Fundamental Physics from the Sky: Cosmic Rays, Gamma Rays and the Hunt for Dark Matter

TL;DR

This paper explores how astronomical and astro-particle data, especially cosmic rays and gamma rays, can provide insights into dark matter's fundamental nature, discussing recent findings and their implications for new physics.

Contribution

It analyzes recent cosmic-ray and gamma-ray observations, proposing potential links to dark matter and discussing methods to test these hypotheses against astrophysical backgrounds.

Findings

Cosmic-ray data suggest new high-energy sources in the Galaxy.

Gamma-ray observations constrain dark matter annihilation signals.
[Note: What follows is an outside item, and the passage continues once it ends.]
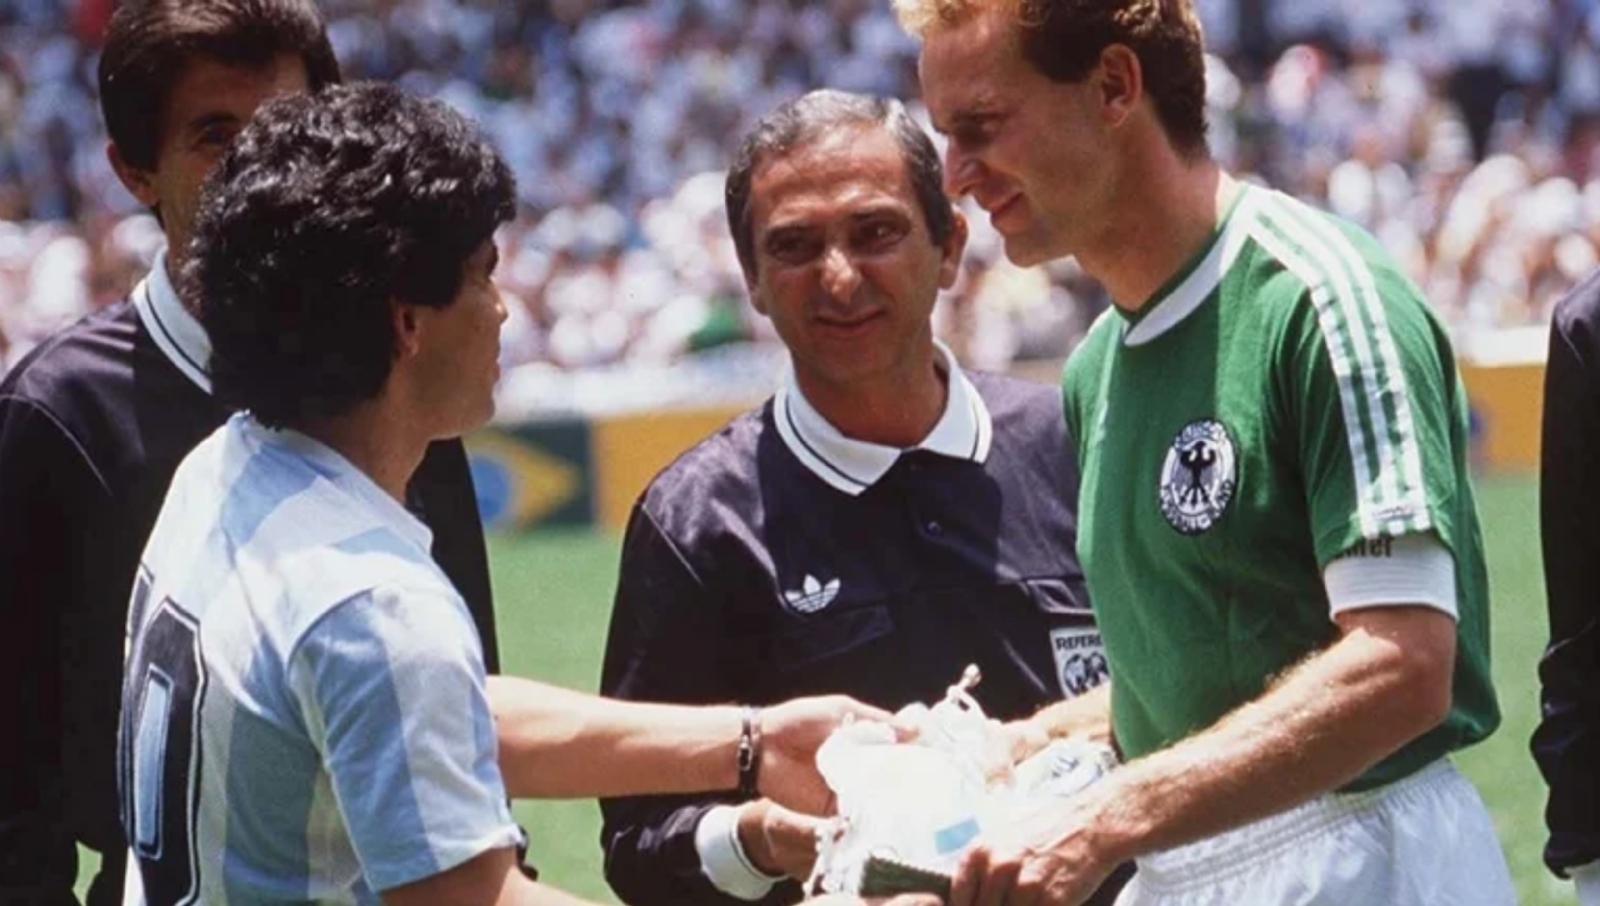 Falleció el árbitro del mundial México 1986, Romualdo Arppi Filho
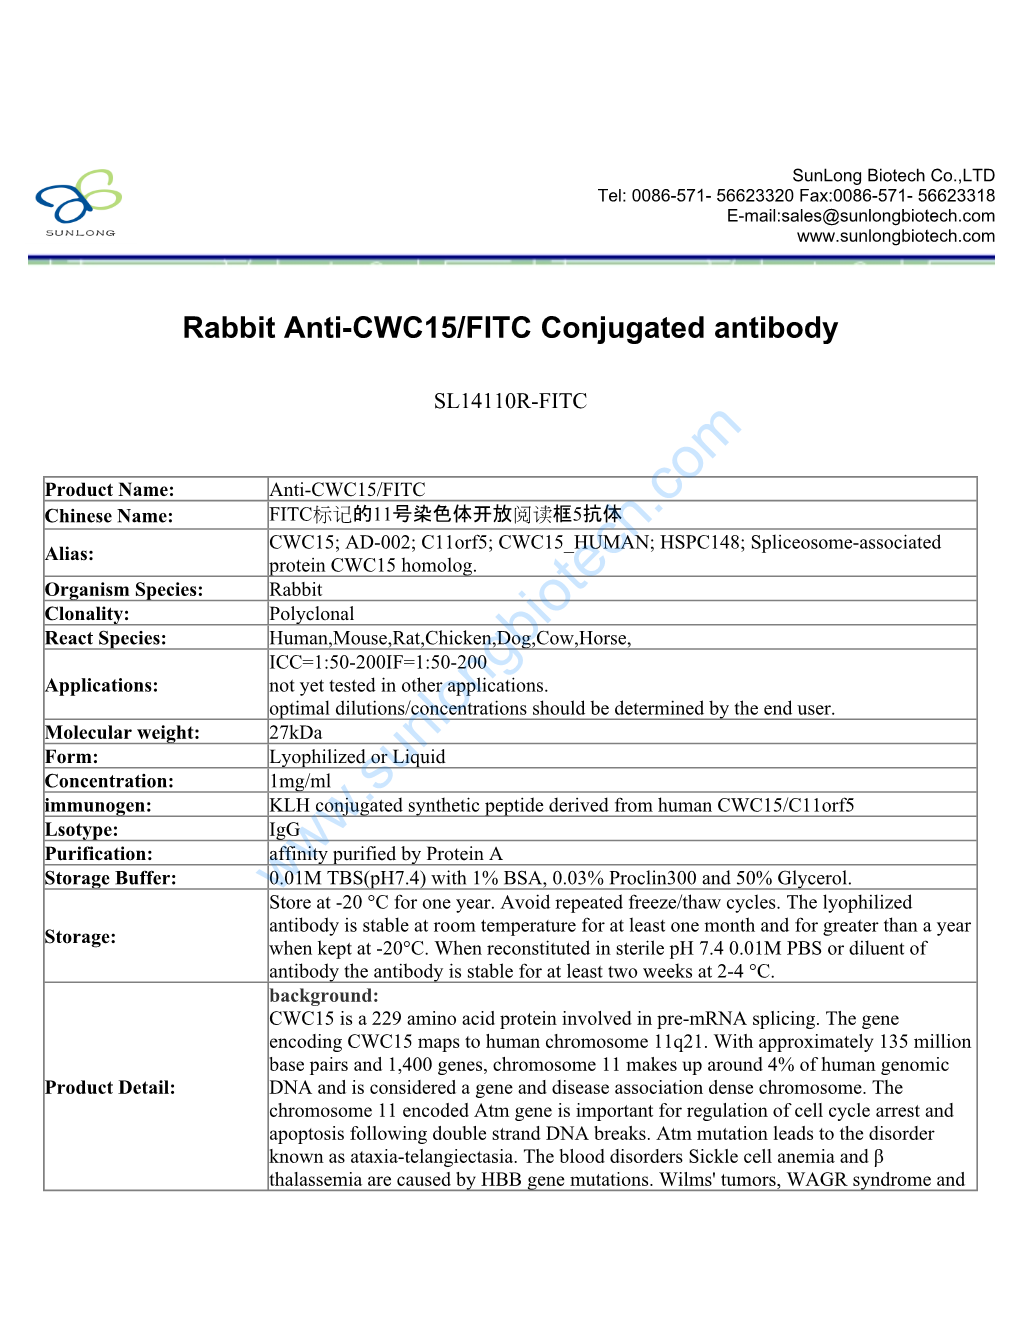 Rabbit Anti-CWC15/FITC Conjugated Antibody-SL14110R-FITC

Potential gamma-ray line at 130 GeV may indicate dark matter interactions.

Abstract

Can we learn about New Physics with astronomical and astro-particle data? Understanding how this is possible is key to unraveling one of the most pressing mysteries at the interface of cosmology and particle physics: the fundamental nature of dark matter. I will discuss some of the recent puzzling findings in cosmic-ray electron-positron data and in gamma-ray observations that might be related to dark matter. I will argue that recent cosmic-ray data, most notably from the Pamela and Fermi satellites, indicate that previously unaccounted-for powerful sources in the Galaxy inject high-energy electrons and positrons. Interestingly, this new source class might be related to new fundamental particle physics, and specifically to pair-annihilation or decay of galactic dark matter. This exciting scenario is directly constrained by Fermi gamma-ray observations, which also inform us on astrophysical source counterparts that could also be responsible for the high-energy electron-positron excess. Observations of gamma-ray emission from the central regions of the Galaxy as well as claims on a gamma-ray line at around 130 GeV also recently triggered a wide-spread interest: I will address the question of whether we are really observing signals from dark matter annihilation, how to test this hypothesis, and which astrophysical mechanisms constitute the relevant background.